● EXERCISE GOAL
In your copy of the data, omit the pictures and keep all else exactly as given.

● RECORDED DATA
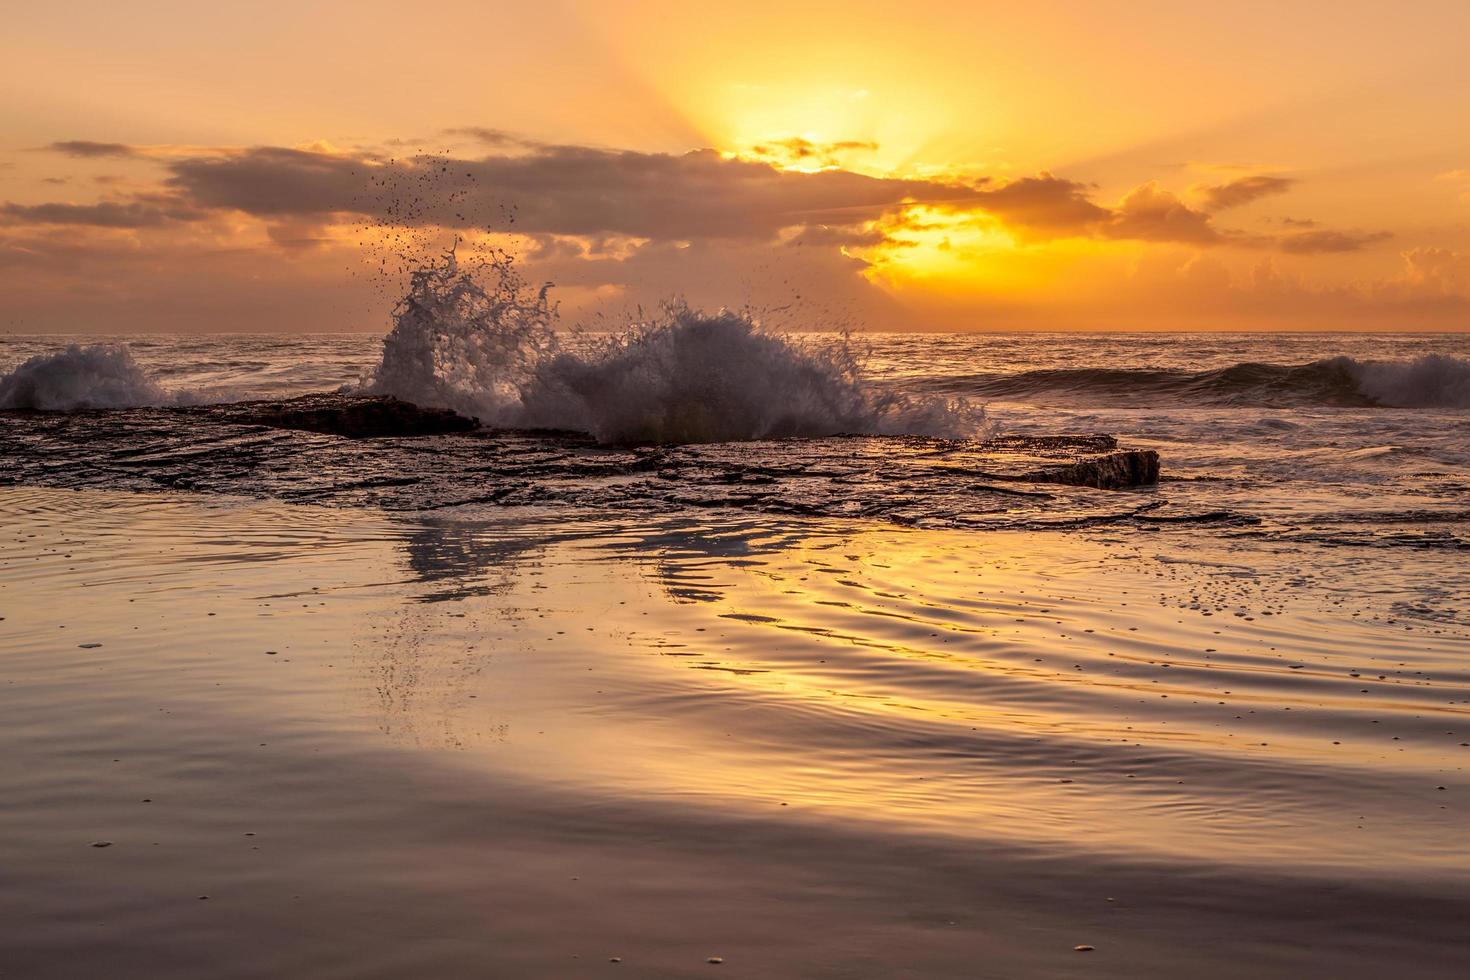 oceaan golven op de wal tijdens zonsondergang foto
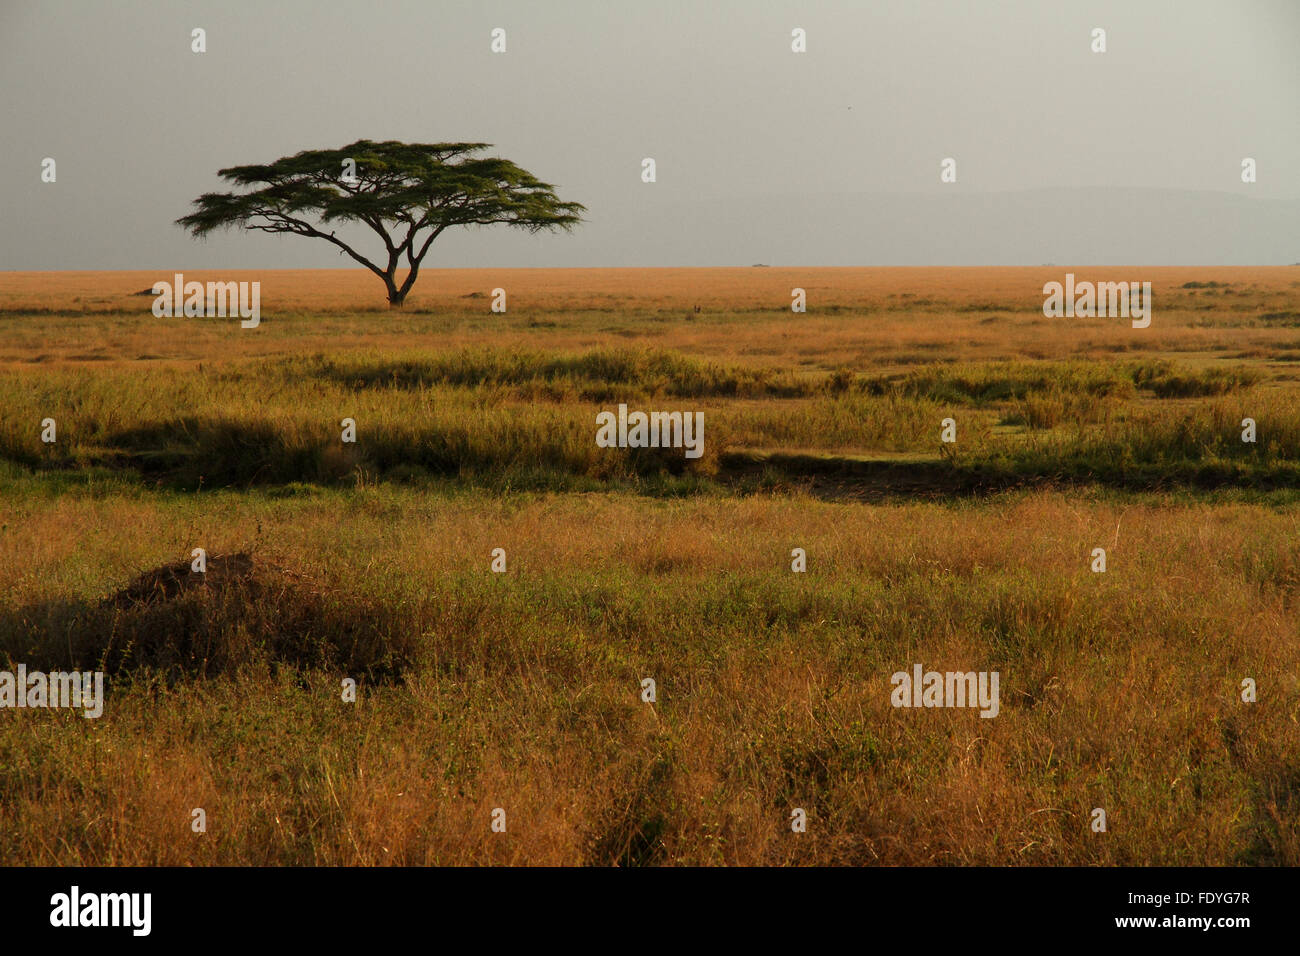 Eine einsame Akazie sitzen in den bunten Gräsern der afrikanischen Savanne Stockfoto
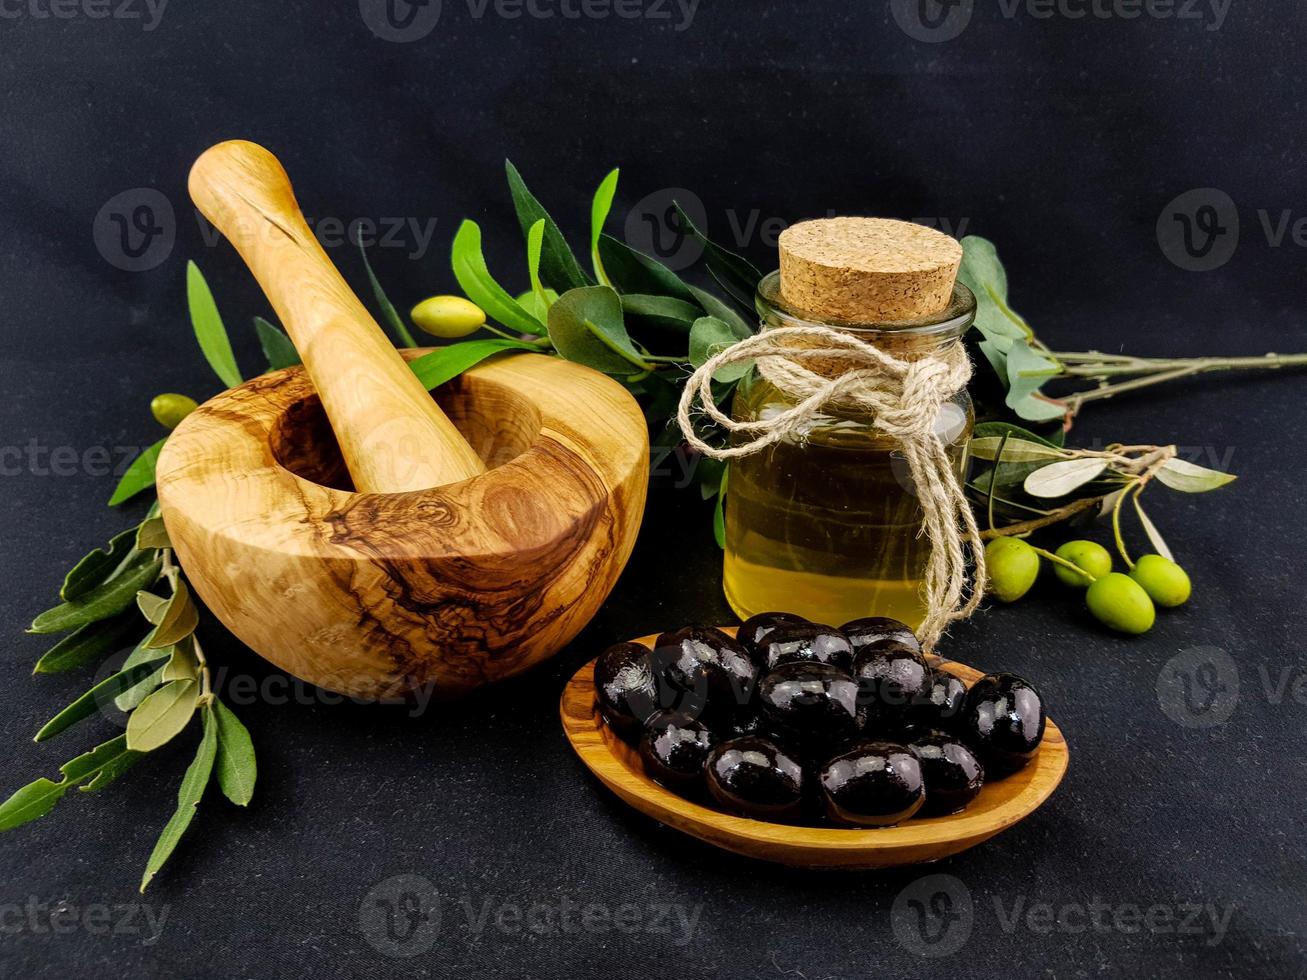 azeite de oliva prensado a frio com galho e frutas foto

● RESPONSE FOR THIS EXERCISE
 oceaan golven op de wal tijdens zonsondergang foto
 Eine einsame Akazie sitzen in den bunten Gräsern der afrikanischen Savanne Stockfoto
 azeite de oliva prensado a frio com galho e frutas foto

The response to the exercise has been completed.